Dr Lalioti’s discovery of the mechanism behind why some young women have a poor response to FSH has important implications for future research and treatment of these women. "The importance of this finding is that it creates a link between genetic variation and sub-fertility. These women have a normal menstrual cycle and they may present to the fertility centre as patients with unexplained infertility, before their first IVF cycle that would reveal an ovarian stimulation defect," she said.
"Our finding explains why these women have a lower response to FSH. Currently, FSH is the only medication used to stimulate ovarian response, but once other medications are available that can bypass the receptor for FSH, they can be tested on these women. Also, at present we cannot predict if the women would profit from having higher doses of medication, and, in fact, some preliminary data from other groups show the opposite: that lower FSH may be more beneficial."
Future research will examine the FSHR signalling mechanisms within the cell and investigate how newly developed drugs might bypass the problems created by the genetic abnormality. "In the future, this could lead to personalised treatments for a sub-group of patients," said Dr Lalioti.

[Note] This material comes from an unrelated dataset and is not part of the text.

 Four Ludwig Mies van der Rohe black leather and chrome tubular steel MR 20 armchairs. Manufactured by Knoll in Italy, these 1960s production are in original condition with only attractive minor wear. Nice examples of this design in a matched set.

It is not known how many women have this particular genetic variation. Dr Lalioti found it in two out of five women that she tested. "These patients are hard to recruit because most patients with a low response to FSH do not complete the IVF cycle for financial reasons," she said. "We need to recruit more patients to discover how common it is." She and her colleagues will need a year to recruit and test more women, to set up collaborations with more fertility centres and to start to test new drugs that could promote oocyte production more effectively in these women.